Start LinkedIn OAuth for login/signup. Returns an authorization URL for the user to open
AI agents invoke auth_linkedin to trigger actions in Lightpaper Mcp. What it does depends on the arguments the agent supplies, and its effects often reach beyond the immediate call — builds kicked off, notifications sent, workflows started.
This tool executes an external OAuth authentication process, which is a side-effecting operation that triggers external service interactions. However, the blast radius is low because it only initiates a standard OAuth flow without access to sensitive data or ability to modify account state directly. Severity is low because OAuth authorization is a benign, user-initiated operation.
From the tool's definition Tool initiates LinkedIn OAuth flow by returning an authorization URL. OAuth is an external operation that triggers authentication state changes and credential exchange outside the application.
Attacks that exploit this kind of access
Start LinkedIn OAuth for login/signup. Returns an authorization URL for the user to open. It is categorised as a Execute tool in the Lightpaper Mcp MCP Server, which means it can trigger actions or run processes. Use rate limits and argument validation.

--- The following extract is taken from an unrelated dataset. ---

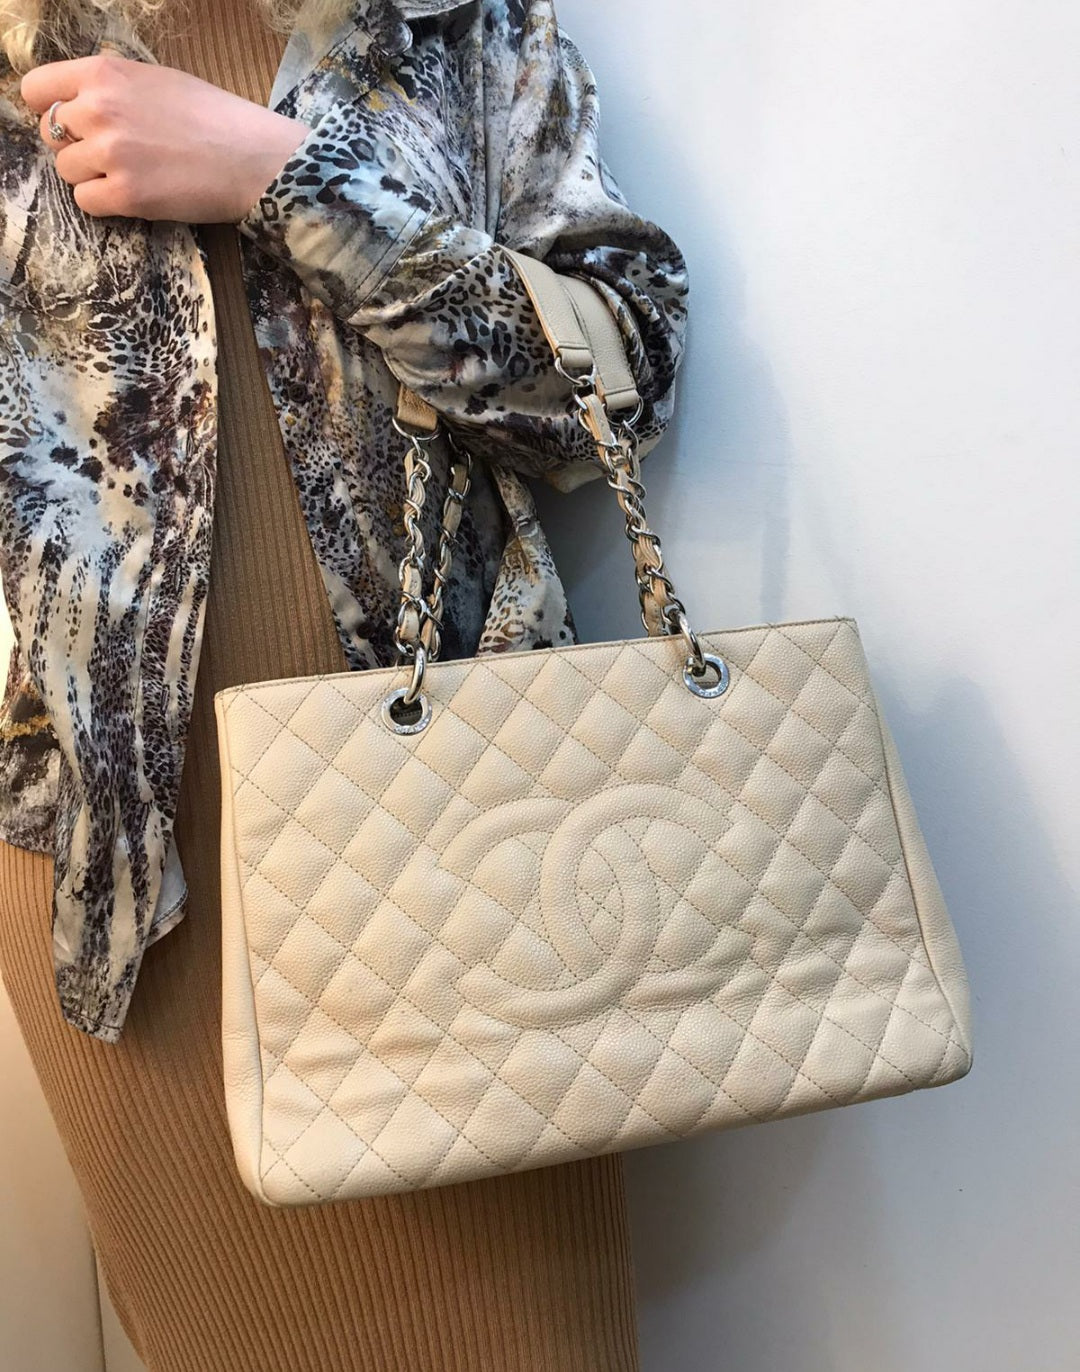 Chanel Beige GST Handbag - Siopaella Designer Exchange

Register the Lightpaper MCP server in PolicyLayer and add a rule for auth_linkedin: allow, deny, rate-limit, or require approval. Point your MCP client at the PolicyLayer proxy URL and the rule is enforced on every call, before it reaches Lightpaper Mcp. Nothing to install.
auth_linkedin is a Execute tool with high risk. Execute tools should be rate-limited and have argument validation enabled.
Yes. Add a rate_limit block to the auth_linkedin rule in your PolicyLayer policy. For example, setting max: 10 and window: 60 limits the tool to 10 calls per minute. Rate limits are tracked per agent session and reset automatically.
Set action: deny in the PolicyLayer policy for auth_linkedin. The AI agent will receive a policy violation error and cannot call the tool. You can also include a reason field to explain why the tool is blocked.
auth_linkedin is provided by the Lightpaper MCP server (pypi:lightpaper-mcp). PolicyLayer sits as a proxy in front of this server to enforce policies before tool calls reach the server.
Every MCP server has a record like this.
Type a name, get the same breakdown: verified identity, auth posture, risk grade, capabilities, recommended policy.